Quinoa Apple Stuffed Squash With Cranberry Vinaigrette
- 1 acorn squash
- 1 lemon
- 1 tbsp. red wine vinegar
- 1/2 c dried cranberries
- 1/8 c diced red onion
- 1/4 c chopped apple
- 1/4 c sliced green onion
- 1/4 c shaved or grated carrot
- 1/2 c cooked quinoa
- 1 can coconut milk
- Preheat oven to 400°F.
- Cut your squash in half, scoop out the stringy bits and seeds and set on a cooking sheet lined with parchment paper open flesh side up. drizzle with olive oil and season with salt.
- Bake in the oven for 40 minutes.
- While that's baking, cook your quinoa according to package directions.
- When your quinoa is cooked, mix in the carrot, apple (squeeze fresh lemon on the apple to keep from browning), red onion, green onion and 1/4 cup dried cranberries.
- Measure 1/4 cup of the coconut cream at the top of the can.
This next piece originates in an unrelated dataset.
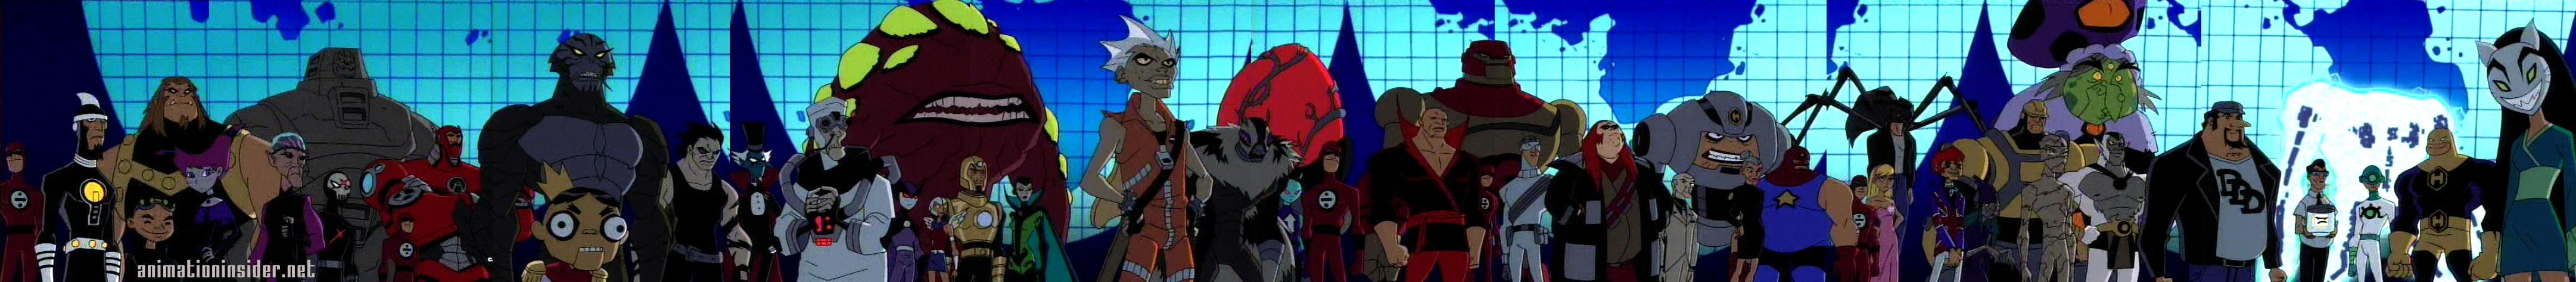 Teen Titans Villains 43

- Pour that, and 2 tbsp of the liquid coconut water underneath into a blender. Add the other 1/4 cup cranberries, the red wine vinegar and a squeeze of fresh lemon. Blend until smooth.
- When the squash is done baking, remove from oven and stuff the middle with your quinoa mixture. Drizzle with the cranberry vinaigrette. Enjoy!